Chronique des 15 ans d’une aînée et d’un bond de 34 ans dans le passé

Stéphane, mon mari, n’est pas là. Après avoir été à plusieurs reprises malmené par de mauvais dentistes dans le Gard et le Loiret, il a décidé de revenir aux sources: direction l’Ain où, dans la ville de Bourg-en-Bresse, exerce encore le praticien de la famille et dans lequel il a toute confiance. Pour profiter de la douceur de cette fin de journée incroyablement estivale, j’ai installé mon ordinateur sur la table de la terrasse sous les canisses que la glycine enlace avec ardeur. Un glaçon fond lentement dans un verre de Muscat vide. L’odeur d’une quiche mi lardons mi tomates répand sa douce odeur dans la maison. Les filles, douchées, attendent que je les appelle pour le dîner. Fantôme, notre berger australien, est assis à ma gauche. On dirait un sphinx mais un sphinx avec une crinière de lion. Derrière la haie, je vois filer Louis et Matisse en overboard. J’avais demandé à Louis de rentrer à 19h00. L’heure est passée de trente minutes mais je les laisse profiter de cette fin de journée. Dans la piscine-méduse, il ne reste plus que quelques centimètres d’une eau si verte qu’on pourrait y avoir renversé du sirop de menthe. J’aimais bien quand les hirondelles venaient s’y désaltérer avant que Stéphane ne la vide. Le plateau est brûlé. Les mares sont à sec. Les rivières sont anémiées. Depuis quelques jours, un moineau entre dans la maison par la baie vitrée ouverte et vient picorer du pain sur la table. Stéphane a installé une grande bassine avec de l’eau et Céleste a réduit en miettes les morceaux de pain sec que je destinais aux moutons de Muguette. Les animaux sont aux abois mais cela ne freinera pas les chasseurs amateurs de plomb et de sang chaud.

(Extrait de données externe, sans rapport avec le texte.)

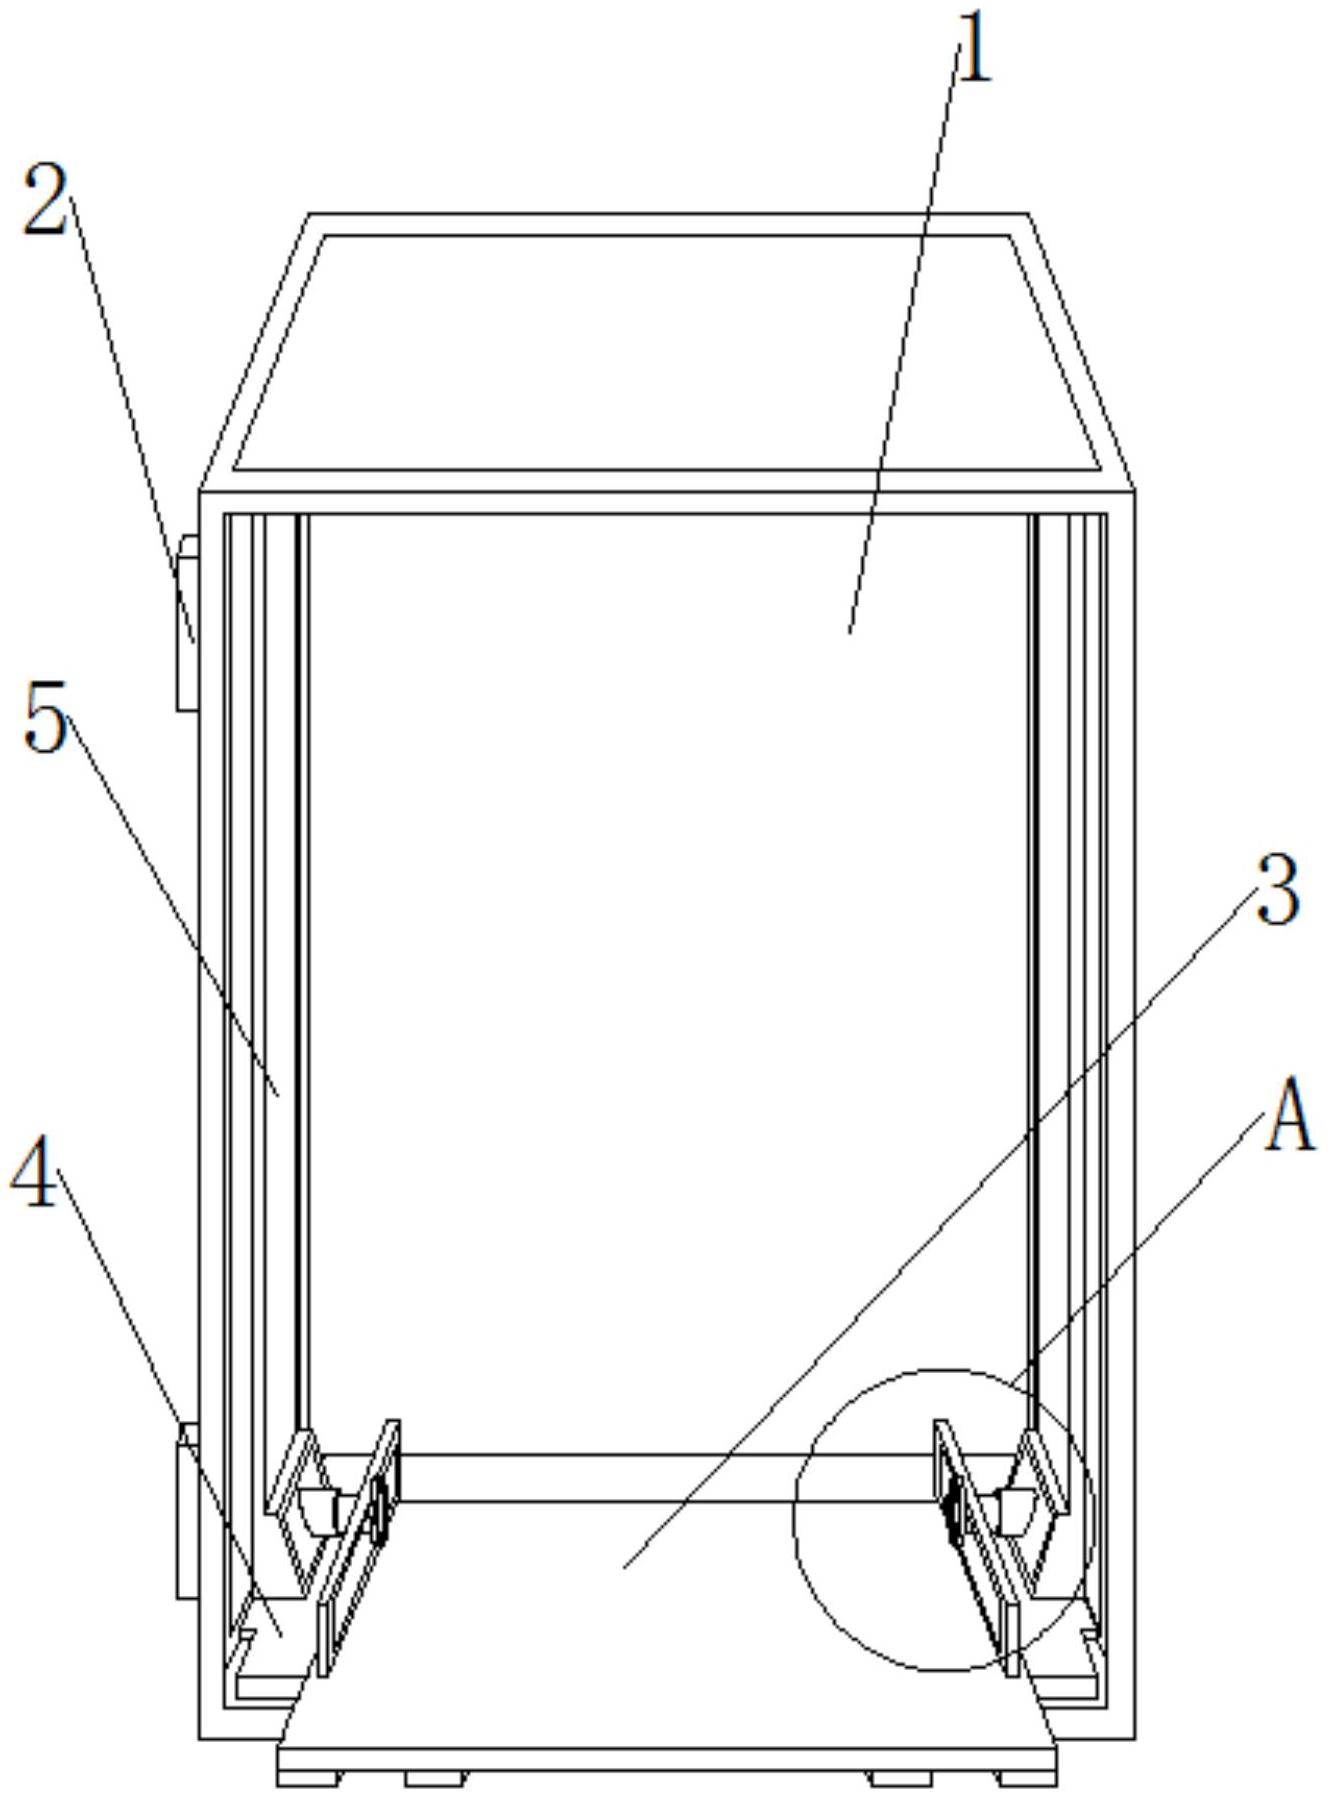 一种便于检修的燃气壁挂炉壳体专利图

Stéphane n’étant pas là, j’aurais pu, les enfants couchés et ne réclamant plus, à mon grand désarroi, histoire et câlins, m’installer sur le canapé devant un film à haute valeur régressive tel que « Bridget Jones, l’âge de raison »,  me délecter de l’humour « so british » de Colin Firth que j’ai toujours préféré à Hugh Grant et savourer un magnum mini vanille enrobé de chocolat. Mais, non, je préfère m’installer dans notre lit dont le matelas repose désormais directement sur le parquet (le sommier a rendu l’âme) et écrire. C’est la nuit que je trouve le mieux ma petite musique intérieure. Le jour baisse. De grandes bandes roses apparaissent dans le ciel. Les petites fleurs blanches du troène exhalent leur parfum puissant.

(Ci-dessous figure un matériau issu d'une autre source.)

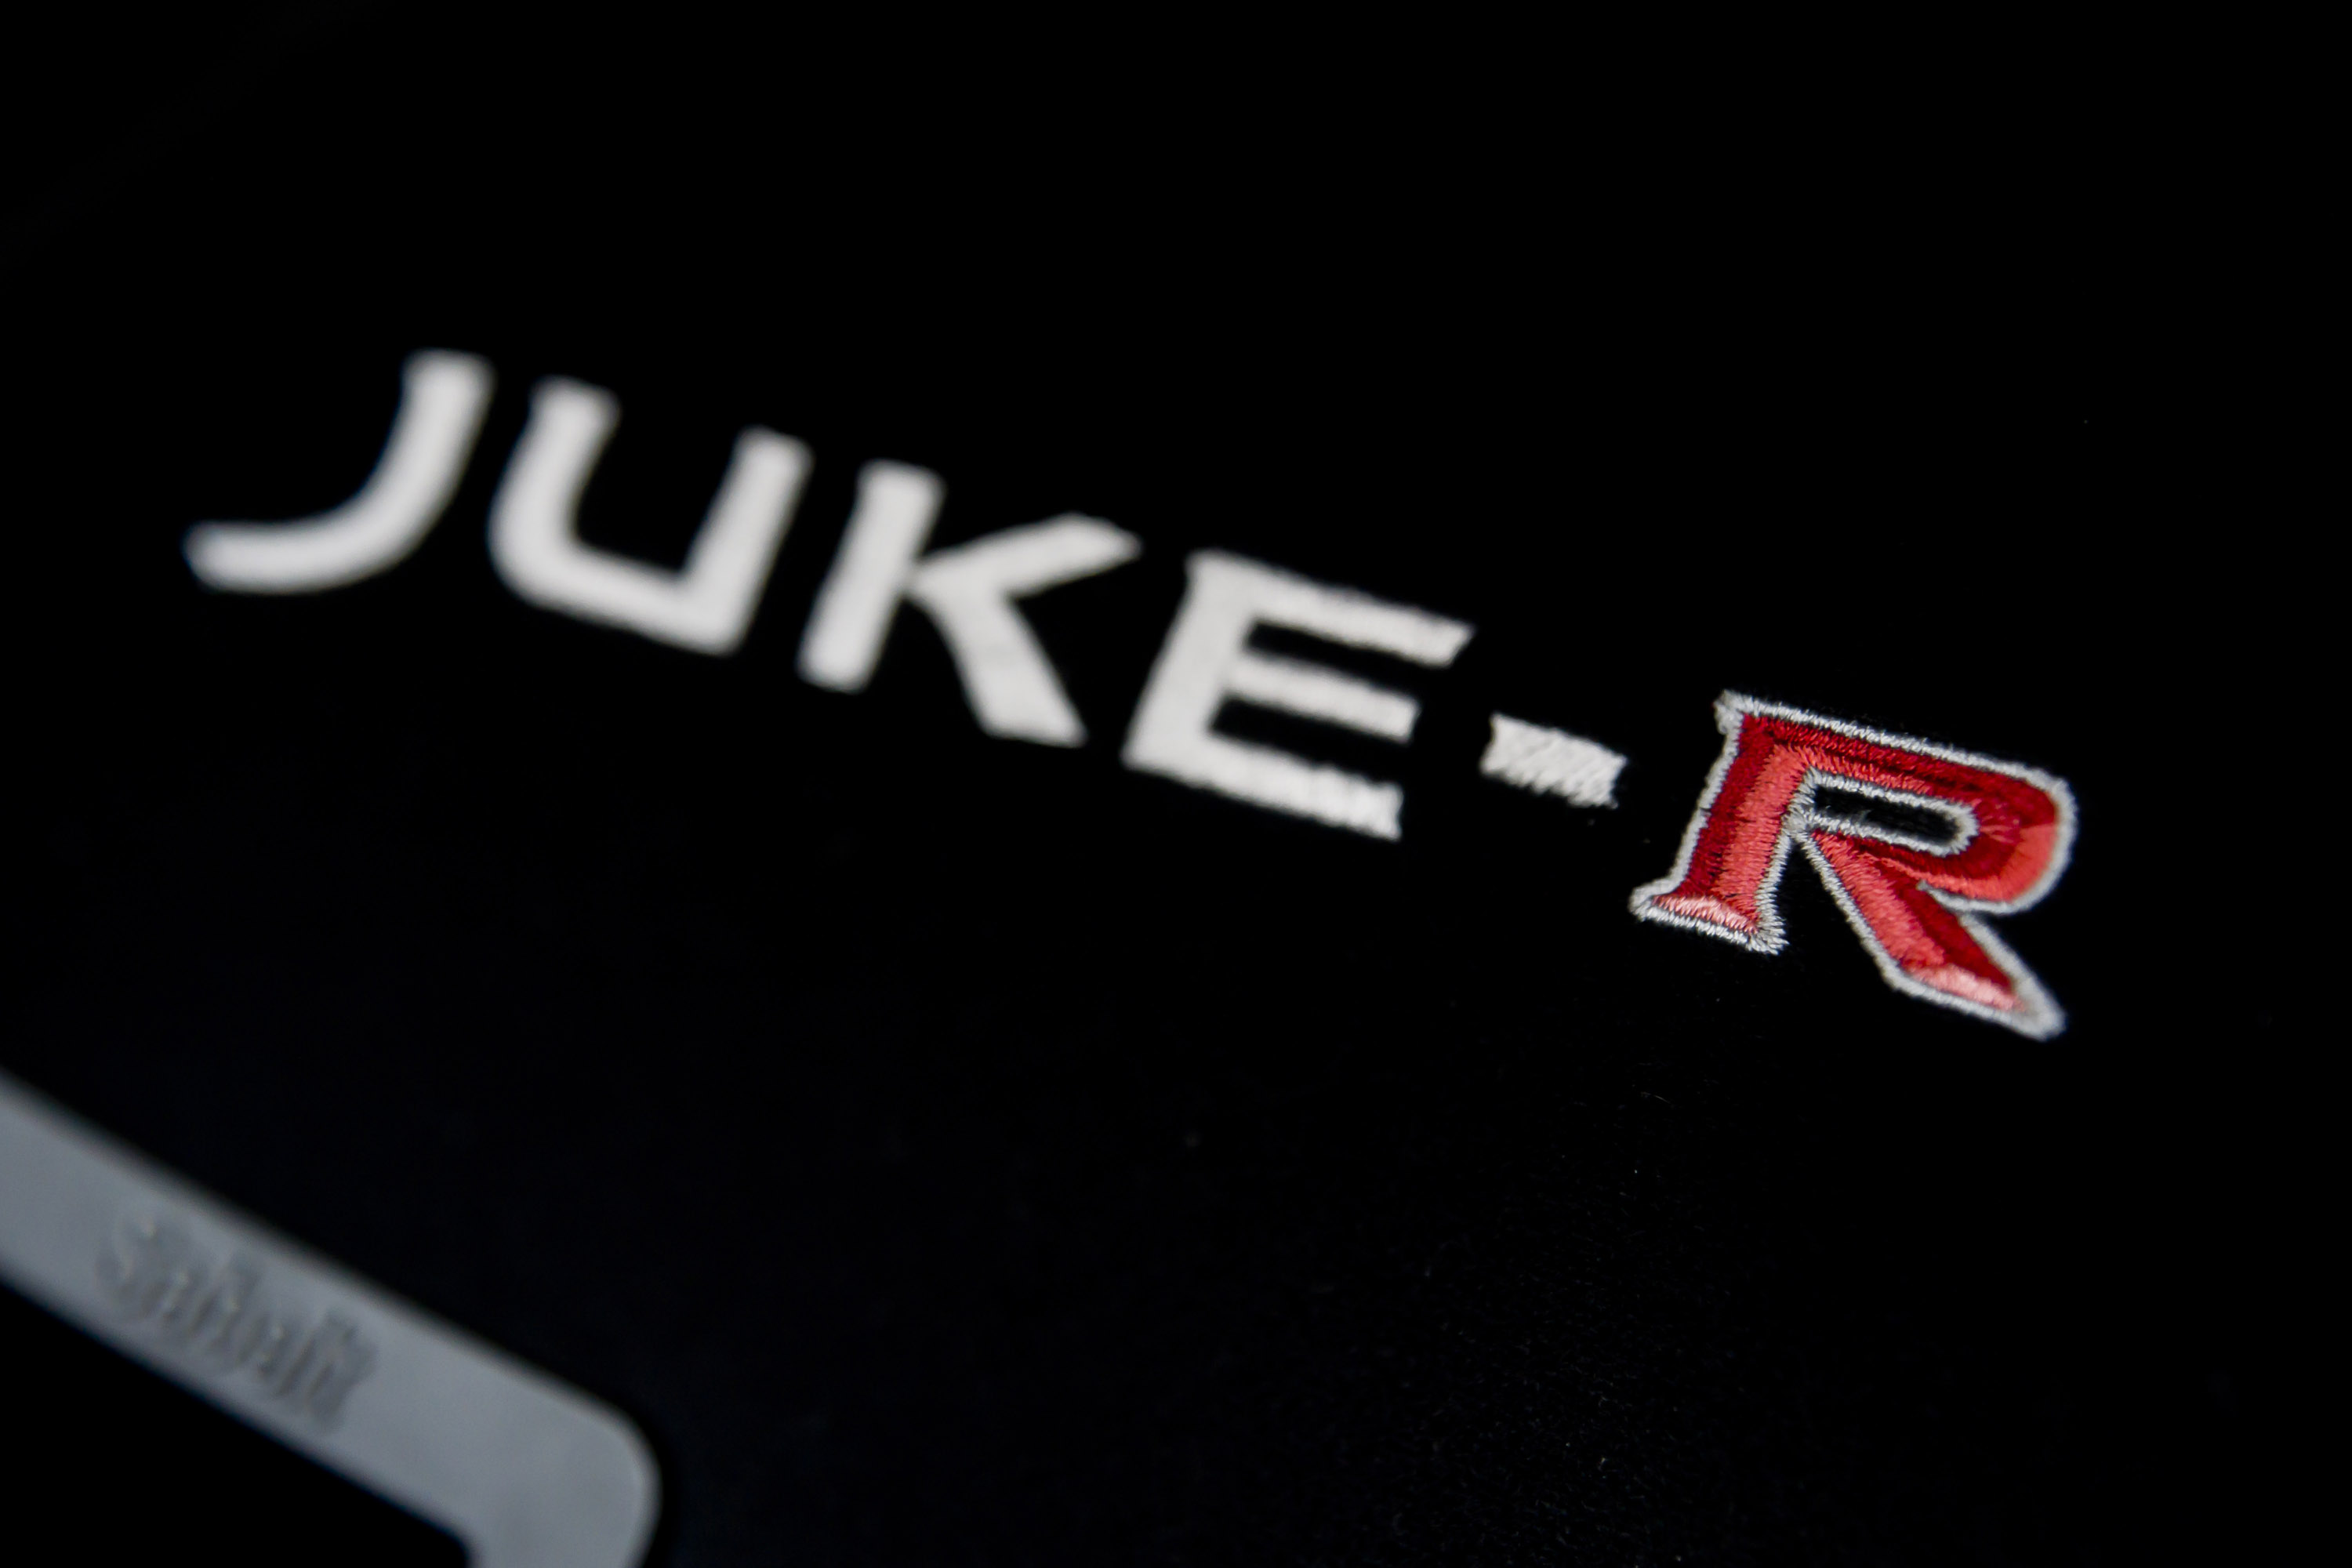 Nissan Juke-R #001

Je reprends le fil de mes pensées. La nuit a déjà fini d’envelopper le plateau. Les enfants sont au lit. J’ai dressé la table du petit déjeuner. Je suis toujours la première à entrer dans la cuisine le matin. Quand tout est prêt, je me sens accueillie! Fantôme est étendu au pied de l’escalier et j’ai regagné non pas notre matelas posé à même le sol et me rappelant mes studios à Paris mais mon bureau, mon Ar-Men. Je n’entends pas le ronronnement de la machine à laver la vaisselle.

Samedi, notre Céleste, notre aînée, fêtait ses quinze ans entourée de quelques amies: Valentine, Amélie et Clara. Nous étions si loin de ces grandes fêtes d’anniversaire avec au moins une quinzaine d’enfants s’égayant aux quatre coins de la maison et du jardin. Inutile désormais de prévoir des activités comme un jeu de piste, une reconnaissance d’odeurs ou d’aliments, des déguisements, des courses en sac ou encore un atelier cuisine ou une onglerie à domicile. Je me rappelle avoir souvent entendu des mamans amies saluer mon calme devant toute cette agitation et la mise à sac organisée de la longère.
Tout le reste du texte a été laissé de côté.